Vibe Coding
I never thought I would say this: Wow! I love vibe coding. Currently, writing this article (sans AI), within my VSCode instance on my 5th project in 2 weeks. I started down this journey of vibe coding to learn what all the hype was about. I was inspired from some friends of mine with all sorts of varying technical backgrounds making really impressive prototypes or developing features very quickly. After looking at a couple of job opportunities and seeing applications which ask about AI usage, I realized I should be more informed. So I downloaded Cursor and naively got started.
1. Cursor
Before all of this, I did use some large language model (LLM) based tools during my time at Amazon. I personally found those (2024) autocomplete assistants to be more trouble than they were worth. While it would generate reasonable blocks of code at say, the function level or even class level, it was largely getting in my way of physcically typing. There were some fundamental issues such as when I would take the autocomplete's suggestion, sometimes the brackets were unbalanced, or I would have to modify the code anyways, resulting in typing the same amount as without the autocomplete.
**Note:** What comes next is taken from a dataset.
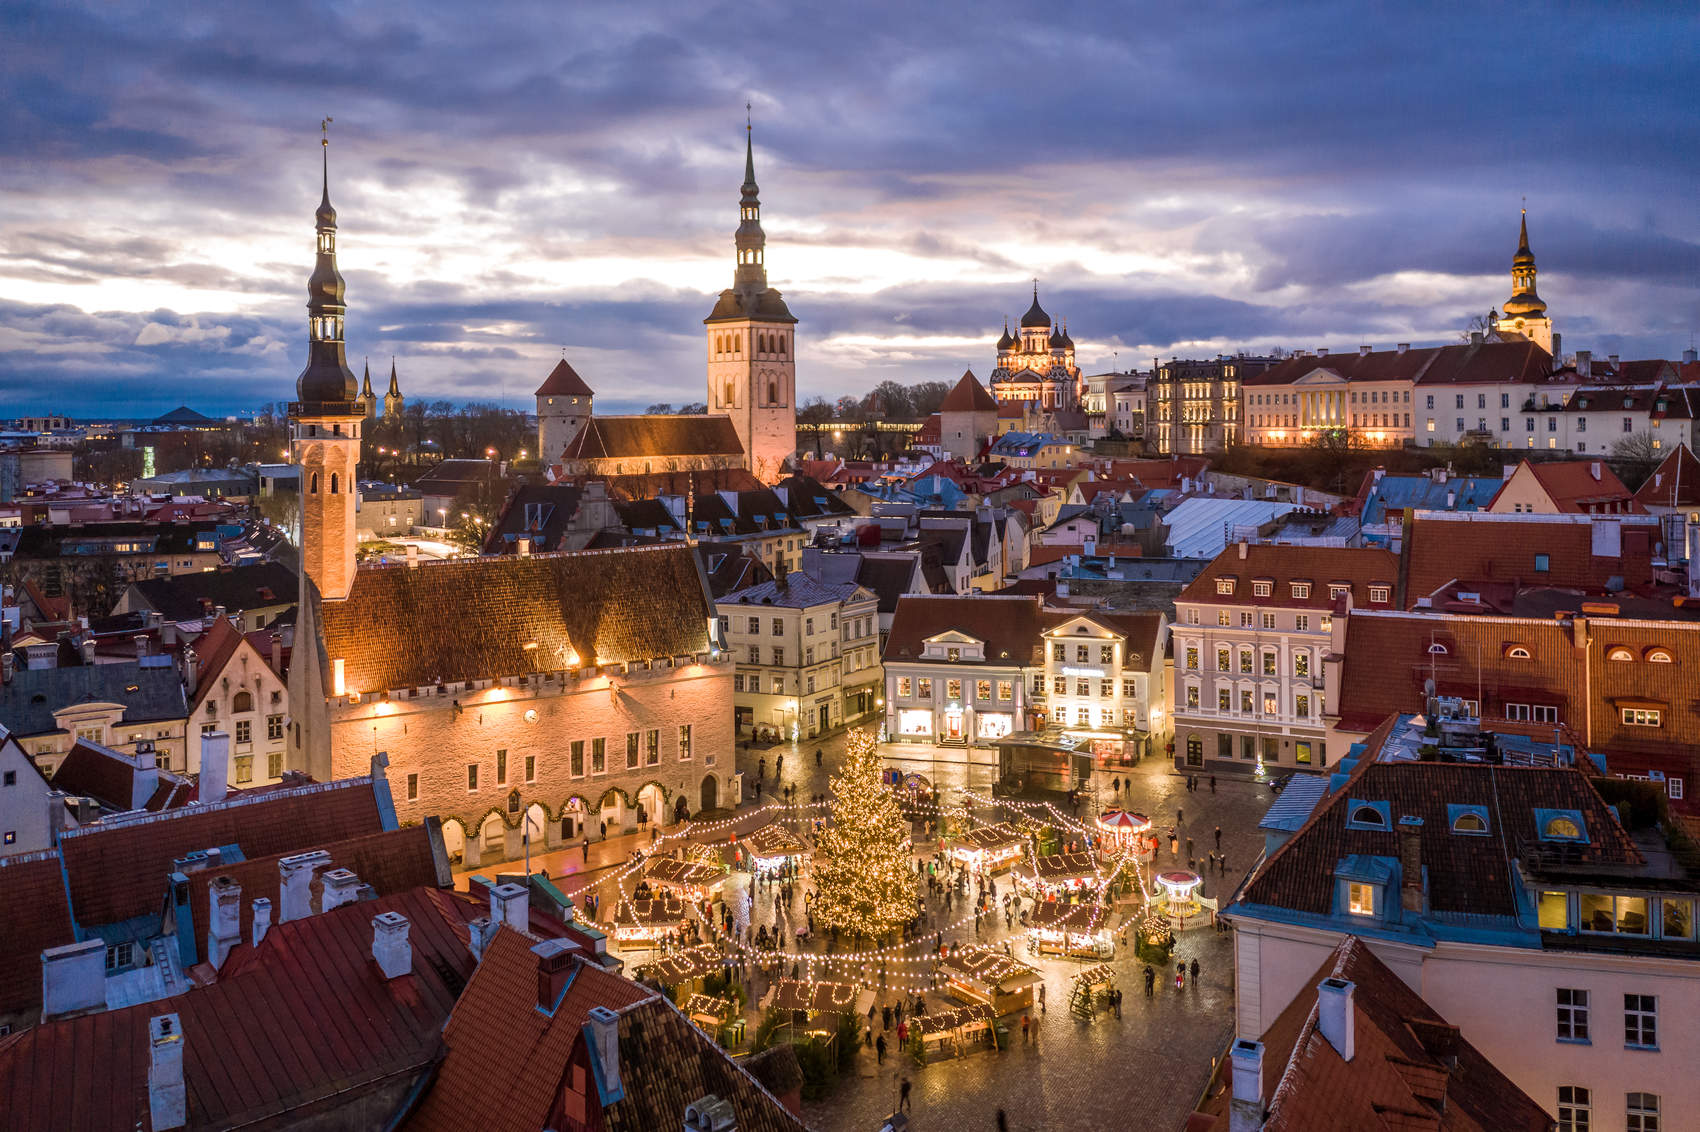 Christmas lights in Tallinn Old Town, Estonia Photo: Kaupo Kalda

Worse still, I started to find myself just sitting there a few seconds at a time waiting to see the suggestion rather than just writing the code I needed to write. Not to mention there still was the core problem of "where exactly should this code go" which these tools were not helpful with at the time.
However, LLM-based tools have come a long way from that initial version I used. When I picked up Cursor towards the start of July, I was incredibly impressed that it was able to generate me a typescript project that built and had local testing and hosting exactly as I described all in the span of half an hour. I naively prompted it to make me a simple tower defence game without any real thought or care to the end product, but it was able to do what I asked. After working through some issues in the browser by pasting error messages back to the chat, I was quite impressed that it could solve the majority of them. All that said, after hitting the token limit, I was not sure it would help me to keep building on top of this application given I was starting to need more prompts to solve relatively simple problems. However, I was very sold on this being something I would use to prototype and/or start new projects. I easily saved myself 20 hours of work between setting up a mono repo with frontend, backend, and infrastructure as code, getting the configurations correct alongside the core libraries I would need for my project. And, of course, the initial core code to scaffold an idea. I was hooked.
2. Claude Code - First prototype
I abandoned that tower defence project and after a road trip down the west coast, I tried Claude Code... I still have not looked back. Claude Code is a part of the subscription service by Anthropic whose models I am quite familiar with using from building a retrieval augmented generation (RAG), human-in-the-loop LLM-based web application during my time at Amazon. I installed the Claude Code extension in VSCode and interact with it through the claude command in the terminal. Each time you do this, it starts a new context to prompt Claude. I decided I needed to use some of my skills as an experienced software developer to best utilize this tool. For the first prototype, I was sent an idea by a friend. I took the flow he laid out in words and asked Claude to write me a product document based on the idea. After reviewing this myself, making changes, and then sending it for feedback, I took the written feedback and asked Claude to address it. After a few moments, Claude edited the document, incorporating the feedback. I then prompted Claude to make me a technical design document with the core technology I wanted to use: Typescript frontend (with React), backend, and shared packages as well as a typescript infrastructure as code package using AWS Cloud developer Kit (CDK). I also specified the specific infrastructure I wanted to use: DynamoDB, S3, Cloudfront, and lambda for compute. After being happy with the minimal viable set of tech design, I asked Claude to make the MVP for me. Half hour later, I had everything I asked for, however there were some issues when testing where the end to end was not fully integrated. But again, I saved myself 40 hours of work to get to this point after spending about 3 hours of effort. That is a wild return on my time investment. Another hour of iterating through browser and cloudwatch error logs and I had a fully functioning end to end prototype, hosted as a single page app on cloudfront I could send to my stakeholder.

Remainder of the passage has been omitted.